Why on earth would I want anyone to go through that? Why would I expect a woman with three children to cook like that?
I am a woman resenting another’s freedom, and I am familiar with this resentment because I chose not to have children. I would die if I had three children. The thought alone makes me tired. How is it possible that I’ve criminalized getting takeout for the holidays?
Yet, I cannot imagine ordering anything to serve people at my home. I even make my own hummus.
I love to cook, and I love to entertain. I look at cooking and entertaining as a creative act. When people enjoy a meal I’ve prepared, it’s immensely gratifying. The faces of my guests light up. They know they’re worth my time.
But I also think that inside me, buried way in the dark, is a fear of what would happen if I didn’t cook.
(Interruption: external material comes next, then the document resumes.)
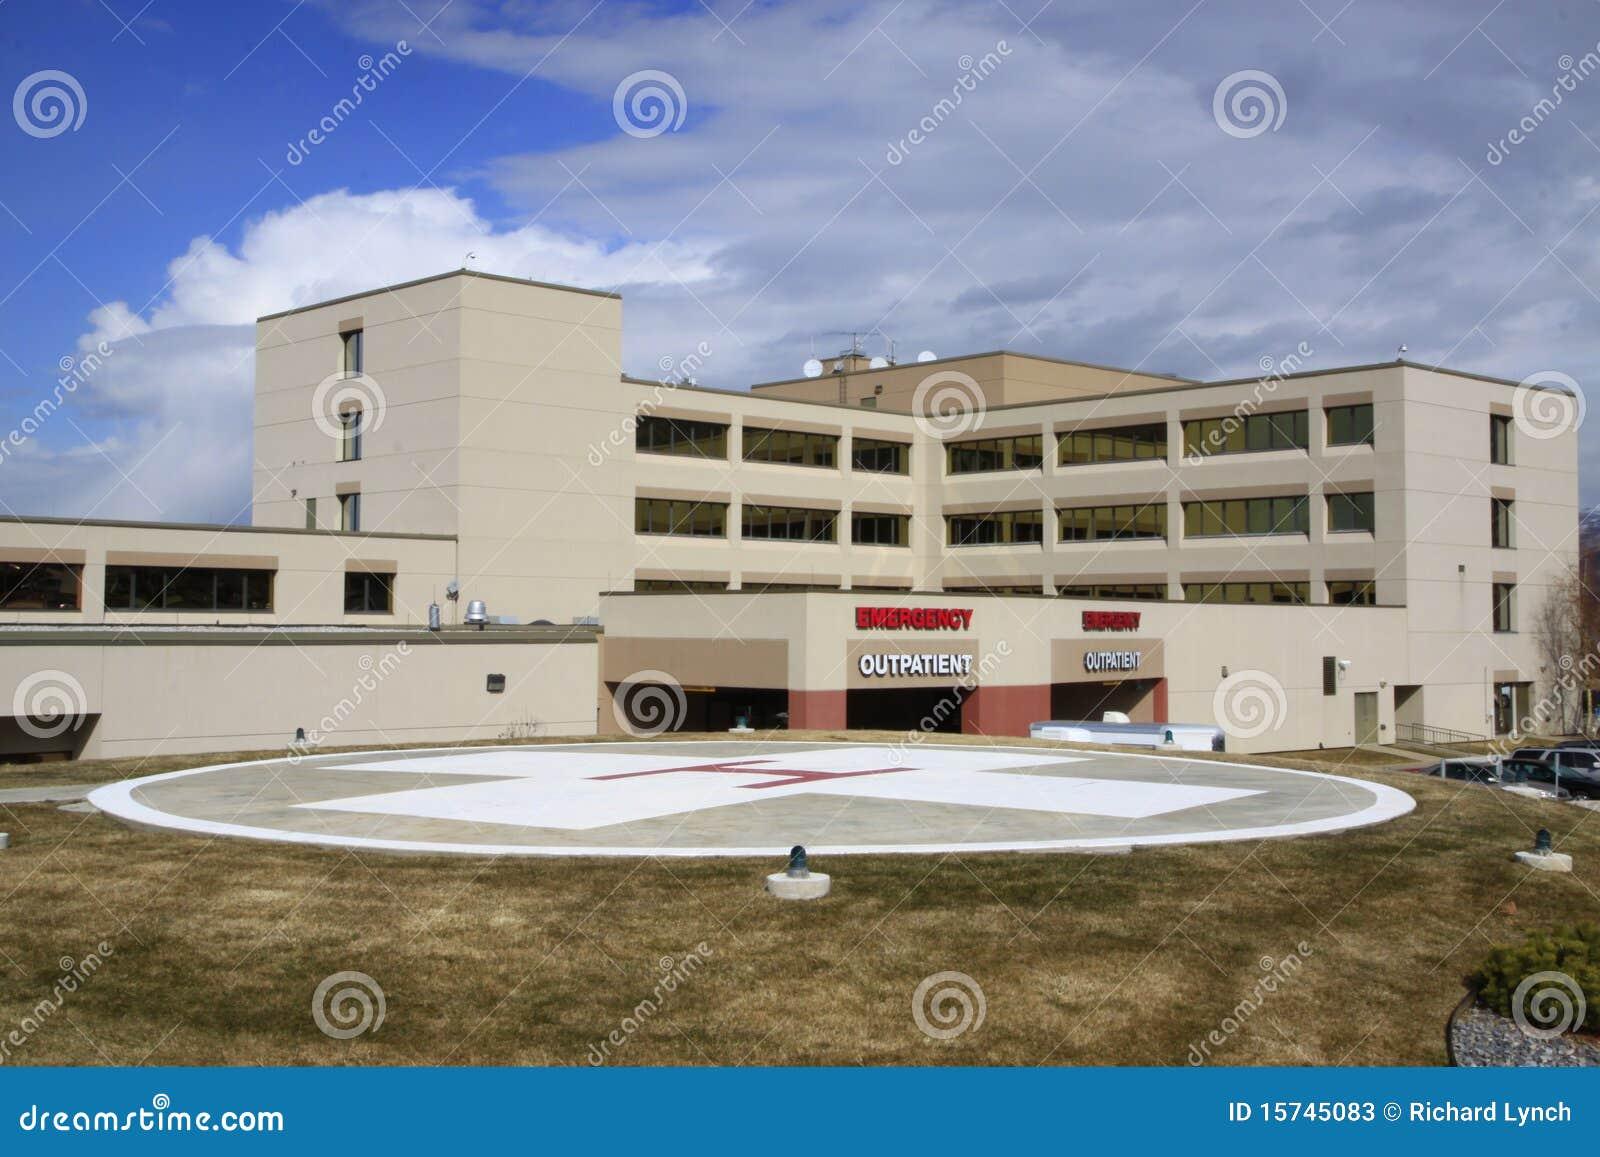 Hospital & Helipad Stock Photos - Image: 15745083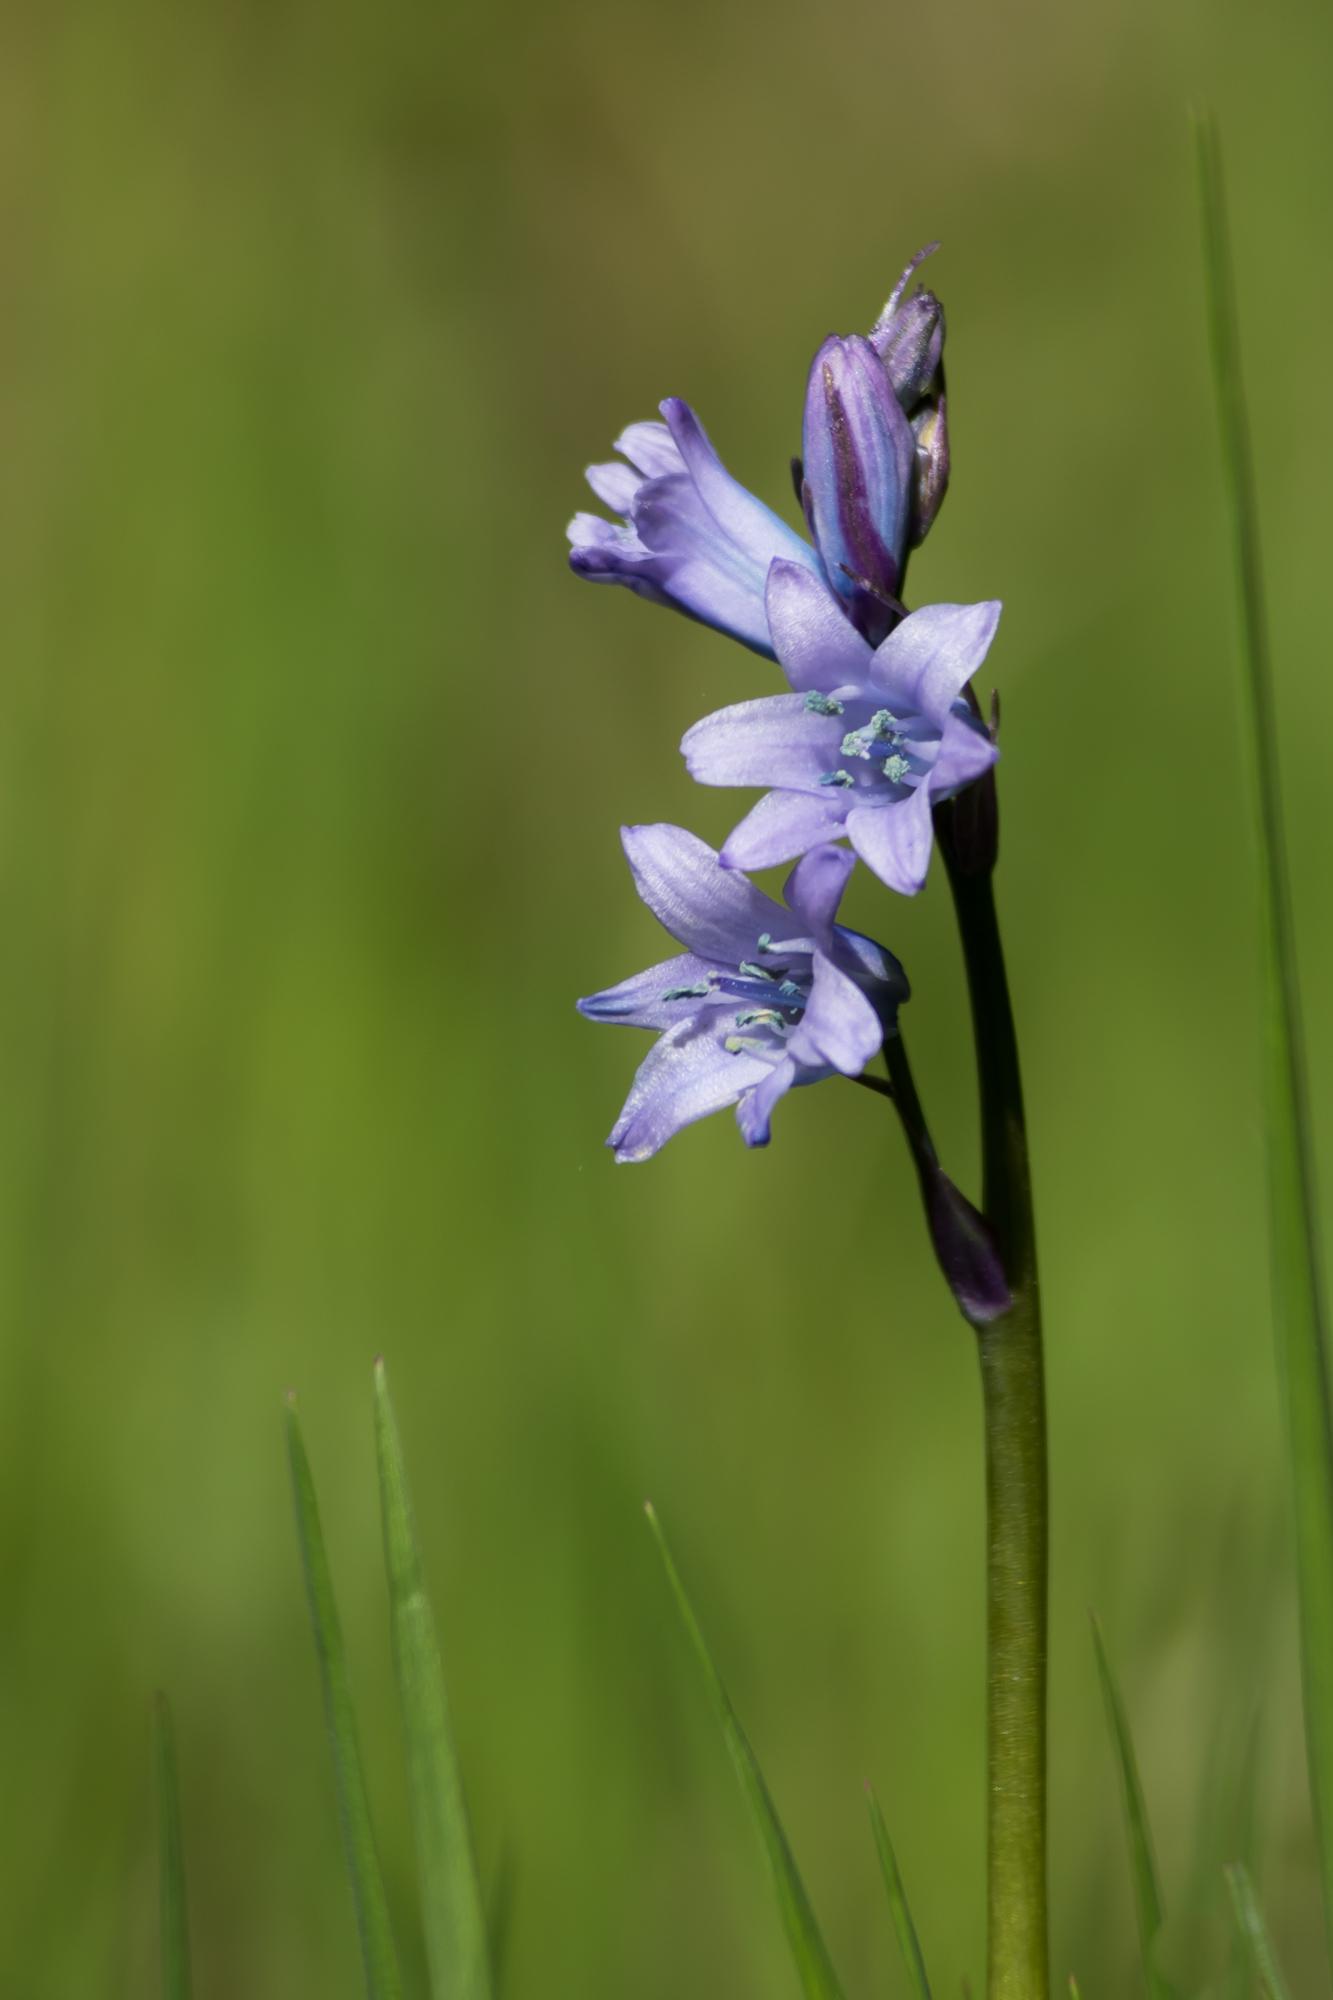 2015-05-09 Jacinto dos campos (Hyacinthoides hispanica) SE (1)

Would people want to come over? Would my husband’s kids and their partners still show up? Would I have any value whatsoever as a woman? If I’m not cooking and cleaning and suffering and atoning, am I a woman?
Wow. Looks like the patriarchy moved into my psyche, got in his La-Z-Boy and put his feet up while I made his dinner.
After all, when my friend said she ordered Thanksgiving, not once did I wonder why her husband wasn’t cooking. I’m full of arguments about why I think people should cook, but my expectations were firmly on her.
Then I remembered something: Any gift we give should be freely given. It floats my boat to cook for people, but I would never want to do so if it were an obligation. And it turns out the cookies felt like an obligation. I had no desire to make them.
If my friend hadn’t ordered Thanksgiving, chances are I’d have spent the last week up to my eyeballs in flour and resentment. Next year I might even buy an apple crumb pie and show up at her house.
I lie. That’s not going to happen. But I am done judging. Whether or not a woman has a bun in the oven is her business.